These attacks are an expression of rage by European-born Muslims against their homelands.
Compounding the threat, some experts say that as the Islamic State loses ground in Syria and Iraq, the thousands of potential recruits the terrorist army was able to gin up every month to join its ranks in the Middle East are now being redirected to launch terrorist attacks in their home countries in Europe and the West.
All of the known terrorists who carried out the Nov. 13, 2015, attacks in Paris, killing 130, were EU citizens.

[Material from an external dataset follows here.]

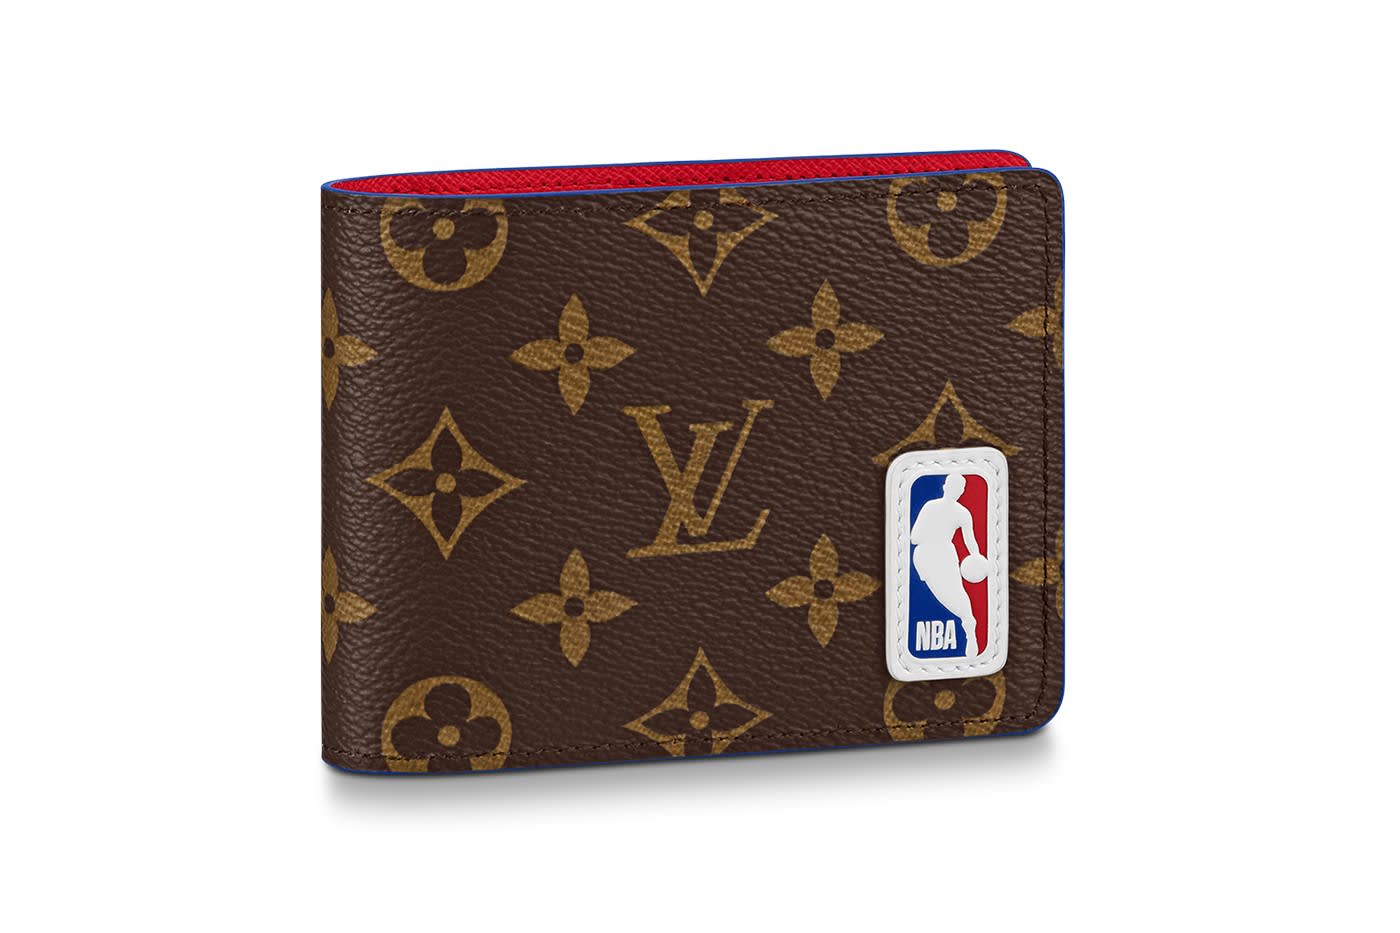 Louis Vuitton Launches LV x NBA Capsule Collection

And at least one slipped back into Europe’s Schengen free travel zone pretending to be a Syrian refugee.
In 2015 alone, more than 1 million refugees flooded into Europe—including about 660,000 from the war-torn countries of Afghanistan, Iraq, and Syria.

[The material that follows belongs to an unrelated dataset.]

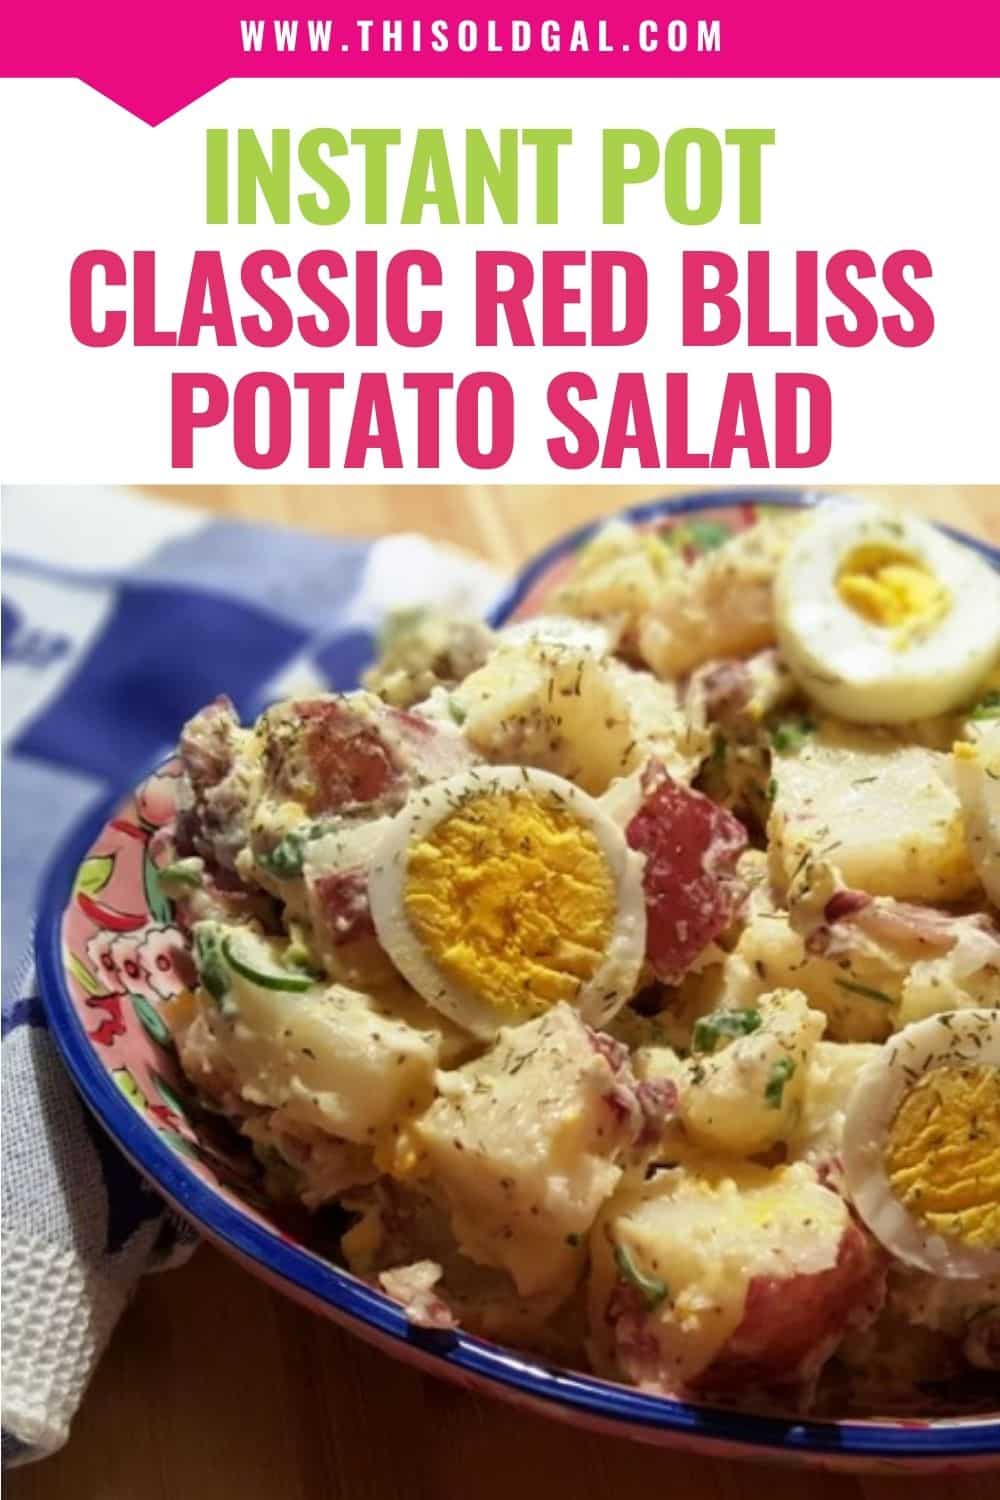 Instant Pot Classic Red Bliss Potato Salad

Consequently, immigration and terrorism are hot-button issues as France chooses its next president.
At a campaign rally in Marseille on Wednesday, Le Pen called the election a “choice of civilizations.”
“I will be the president of those French who want to continue living in France as the French do,” Le Pen said.
Fillon has pledged to punish anyone “who takes up arms against their country” by stripping them of their nationality.
When asked how Putin would react to a Le Pen or Fillon victory, Tenzer answered: “Champagne and caviar in the Kremlin!”
“It would be a huge success for Putin,” Tenzer said. “It could mean the dismantlement of Europe, the unravelling of security organizations, including maybe NATO, and the [Organization for Security and Cooperation in Europe], and certainly the U.N. It would give a free hand to Moscow in Europe and in the Middle East, and of course the lifting of sanctions on Russia over Ukraine.”
Moscow’s enthusiasm for a Le Pen presidency is not, however, shared by Ukrainian lawmakers.
Signaling a potential diplomatic row should Le Pen be elected, Ukraine’s foreign ministry issued a pointed statement in January.
“Making statements that repeat Kremlin propaganda, the French politician shows disrespect for the sovereignty and territorial integrity of Ukraine and completely ignores the fundamental principles of international law,” the statement said.
The statement added: “Such statements and actions in violation of the Ukrainian legislation will necessarily have consequences, as it was in the case of certain French politicians, who are denied entry to Ukraine.”
Responding to the Ukrainian statement, a spokesman for Le Pen told Reuters: “Marine Le Pen had no intention of going there (to Ukraine) anyway. This issue will be solved via diplomatic channels when she becomes president of the (French) Republic.”